Есть такой хороший человек – Марат Губайдуллин, мало сказать, татарин, так еще и щурится. Ну и вот, в желании открыть эти тщательно скрываемые жемчужины глаз, из чистого любопытства, я всячески настаивал на силовых методах вскрытия раковин его век: мол, чего ты, козел, щуришься, слепой, что ли? Ну и доконал его выписать себе очки. Пошли в «Оптику» на углу улиц Республики и Мориса Тореза, взяли. Аккуратненькие такие, в тусклой металлической оправе. Идем себе по Республике мимо кинотеатра «Юбилейный», мимо газончиков, кустиков подстриженных. Типа весна. А я всячески подзуживаю, ну, мол, надевай, очкастый. Он и надел. И как, простите меня, охренел! Глядит во все стороны, глаза карие таращит и говорит:
– Смотри, трава-то, она из отдельных листиков состоит!
Сказать, что я удивился, – значит ничего не сказать.
– А какой она тебе раньше представлялась?
– Ну, как мох, такая вся однородная…
Вот, думаю, так ведь это он раньше вообще очки не носил. Стеснялся запятнать себя главным в нашей детской жестокости знаком неполноценности. Не носил и ничего не видел, точнее, видел, но в прекрасно-романтическом, размытом облике, как сквозь матовый светофильтр, устраняющий все недостатки. Человек жил в мире диаметром в пятнадцать метров, за которым все превращалось в яркий наркотический бред художника-абстракциониста, давно потерявшего надежду продать плоды своего таланта. В общем, теперь с очками ему было неплохо, в любом случае – интересно.
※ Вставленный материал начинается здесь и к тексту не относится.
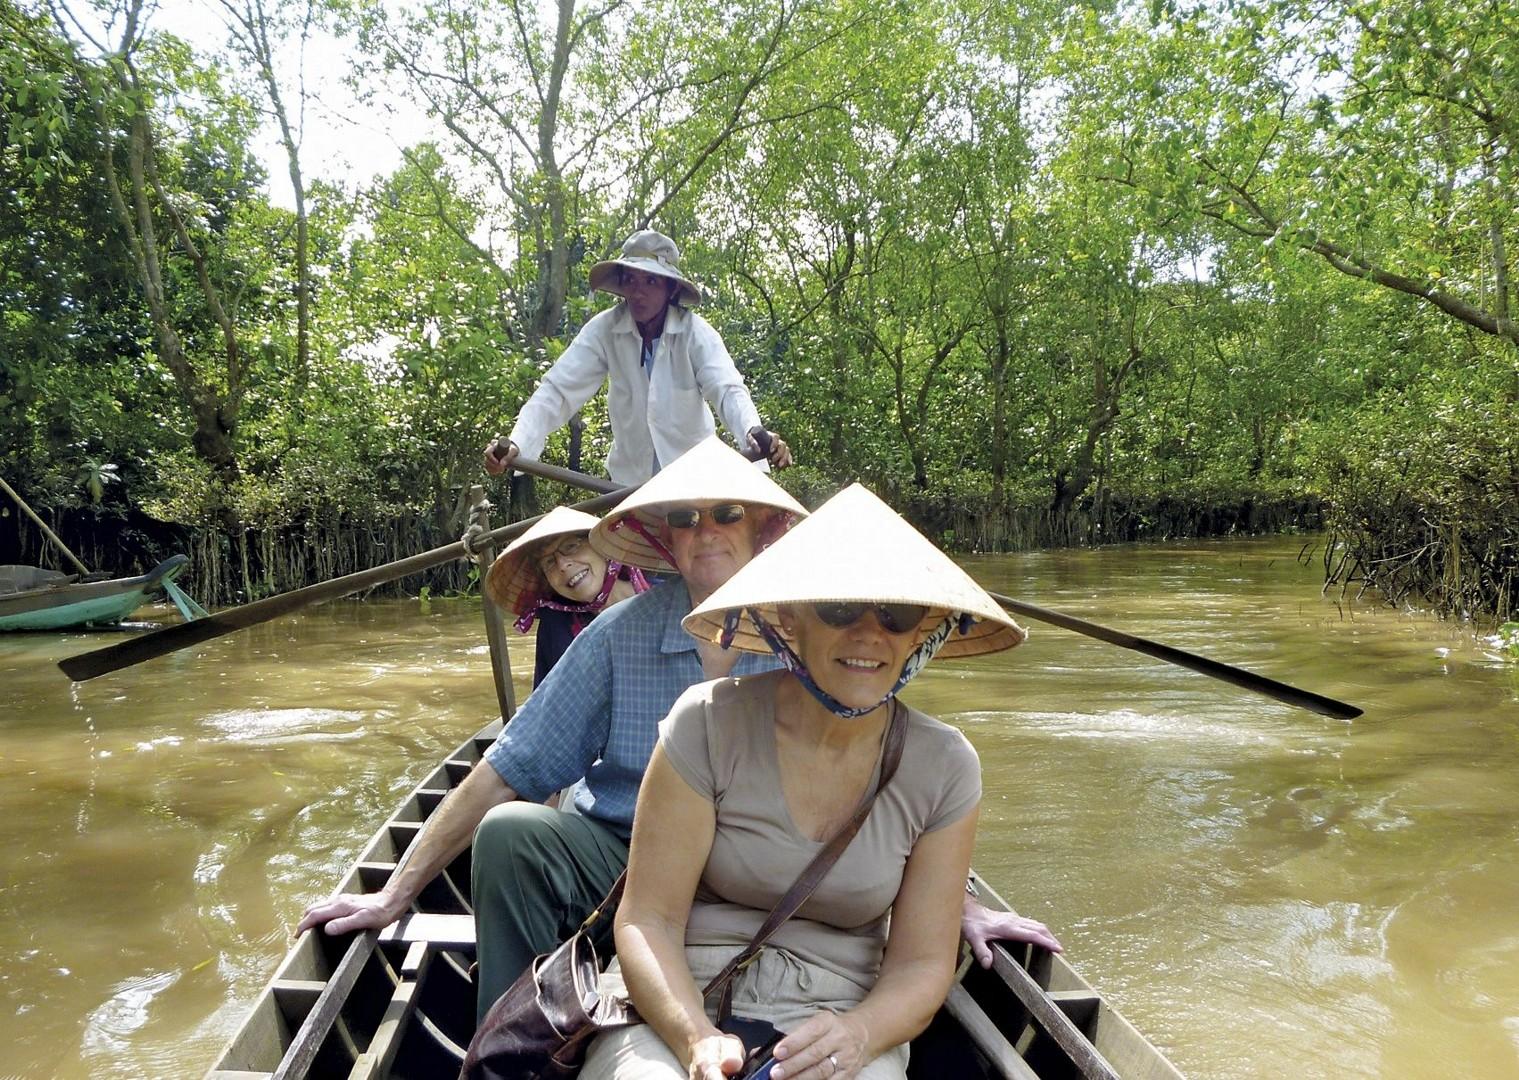 vietnam in boat.jpg - Vietnam - Meet the People Tours

Между тем обретение мира в подробностях влекло за собой не только радости, но и горести и потерю иллюзий. Безудержная эйфория Марата быстро сменилась мрачным разочарованием и унынием. Особенно из-за девушек. Юность нередко выдают угри и прыщи. Девушки просто снесли ему голову. Вместо призрачных нимфообразных порхающих милых созданий – родственниц тропических бабочек – он увидел разнузданных сибирских девок, дефекты кожи, дешевую помаду, тушь, пудру и прочее. Марат был унижен ничтожностью мира, он чувствовал себя уязвленным.
Открытие мира в восемнадцать лет настолько потрясло Маратку, что он понял: мир достоин, чтобы быть запечатленным. И решил стать фотографом. Логично. Он завел себе «Зенит», зарядил пленку и начал всех фотографировать, хотя ему сильно мешали очки. Зашел как-то и к нам в общагу. Был май 1988-го, и мы писали так называемый майский альбом: играя на гитарах «Урал», стучали на коробках, которые заменяли нам барабаны, и орали дикие песни дикими голосами. Среди нас оказались и Вова Джаггер (Медведев Владимир Борисович), прозванный так из-за поразительного сходства с популярным исполнителем, и его жена Женька Бойко. Они были так милы, юны, блондинисты и счастливы, что мне немедленно зажглось их запечатлеть. Схватил Мараткин «Зенит» – выдержка, диафрагма, снято. И забыл об этом.
Вам весело, вы улыбаетесь и не стесняетесь себе в этом признаться, тогда как из белого, сияющего студне-киселеобразного пространства к вам приближается сумрачная фигура Маратки, рассматривающего только что проявленную пленку. Первая пленка представляла собой ровную серую ленту с практически незаметным прозрачным рисунком, но в середине ленты красовался ровный черно-белый квадратик – единственный четкий кадр, замершая фототень юности Вовы и Жени, нечаянно забредшая на негативы того, что снять невозможно, на негативы удивления миром.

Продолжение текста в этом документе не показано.